Руководитель иконописной мастерской В.А.Криворотов в статье “Космизм и икона” пишет о поэсисе “многомерного космизма”[viii] иконы, понять который можно только рассмотрев как она пишется. Прежде всего иконописец это не простой ремесленник, он — духовидец, и чтобы стать таковым ему требуется многодневная подготовка: ограничение мирской деятельности и пост — настройка ума; раскаяние в греховности своей жизни — настройка души; непрестанная молитва — настройка духа. Лишь после того как все “системы иконописца настроены” и он полностью нейтрализовал свое “я”, лишь тогда поэсис духовного мира открывается его душе, а сам “он становится его инструментом в процессе писания иконы”. Иконописец поэтому никогда и не мыслит себя ее творцом, и для христианина икона не просто картина, а проводник, канал в мир духовный, являющийся “носителем принципа совершенства и гармонии”, или космос духовный.

Для того чтобы войти во взаимодействие с этим духовным космосом, также необходима настройка уже со стороны человека ее воспринимающего. Приведем свидетельство все того же В.А.Криворотова. Если человек стоит перед иконой, и молитва его становится все более искренней, а это означает, что в молитву включается не только рассудок, но и сердце, то наступает “момент просветления, в котором образ, воспринимаемый глазом, оживает”[ix]. Этот образ представляется молящемуся бесконечно живым, он раскрывается в множестве своих граней, каждая из которых красочно звучит и оставляет в душе глубокий след. В этот момент сознание переходит из трехмерного мироощущения в многомерное, актуализируется “многомерное мироощущение”, сознание человека достигает “космичности в своем расширении”.

Икона это всегда символ — отображение мира духовного в мире явленном, через сюжетную канву пришедшую из Библии, Евангелия, Житийной литературы, где все технические приемы подчинены главному (канону) — духовному вхождению в образ.
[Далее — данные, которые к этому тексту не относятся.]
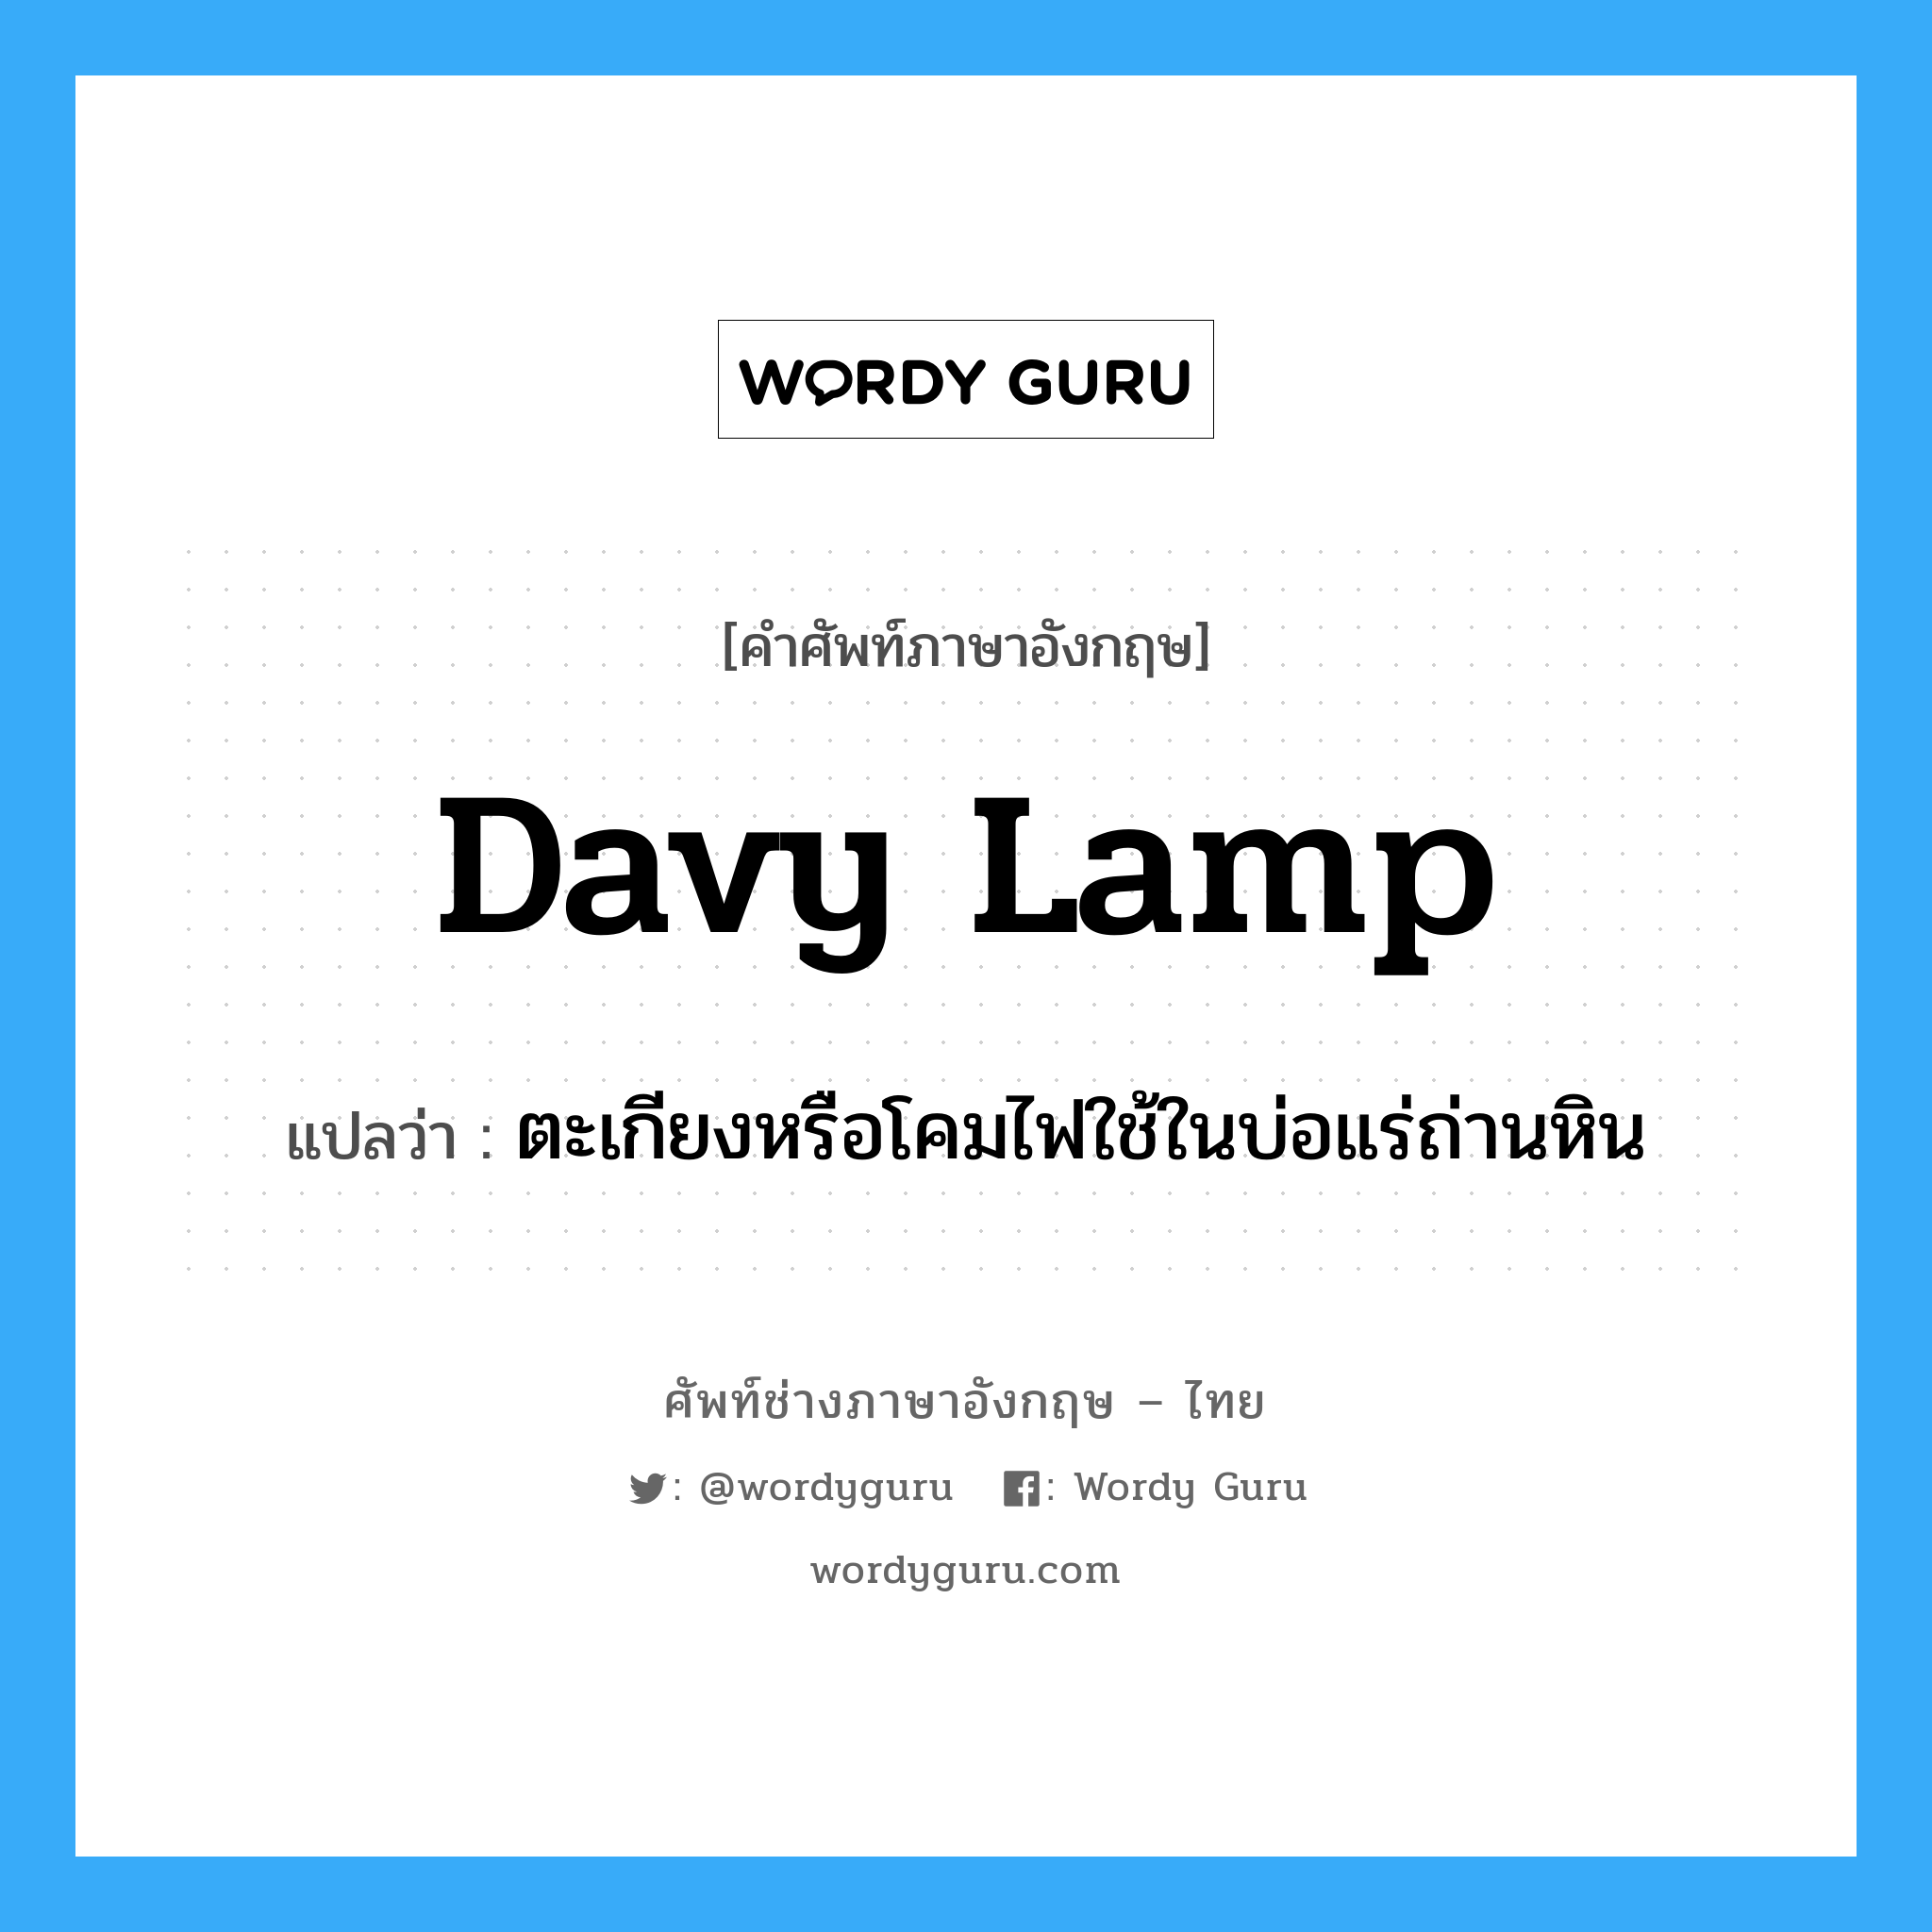 ตะเกียงหรือโคมไฟใช้ในบ่อแร่ถ่านหิน ภาษาอังกฤษ?, คำศัพท์ช่างภาษาอังกฤษ - ไทย ตะเกียงหรือโคมไฟใช้ในบ่อแร่ถ่านหิน คำศัพท์ภาษาอังกฤษ ตะเกียงหรือโคมไฟใช้ในบ่อแร่ถ่านหิน แปลว่า Davy lamp

Здесь и символика цвета (например, Георгий Победоносец в алом плаще — цвет мученичества, и на белом коне — цвет праведности и целомудрия), и изображение разновременных событий, и совмещение разных пространственных построений (соседство “мира заоблачного”, природы вокруг храма, и внутренний интерьер храма), и градация размеров фигур по их значимости, а не по удаленности, и все это написанное в одной плоскости каким-то странным образом наступает на зрителя, смотрит ему в глаза.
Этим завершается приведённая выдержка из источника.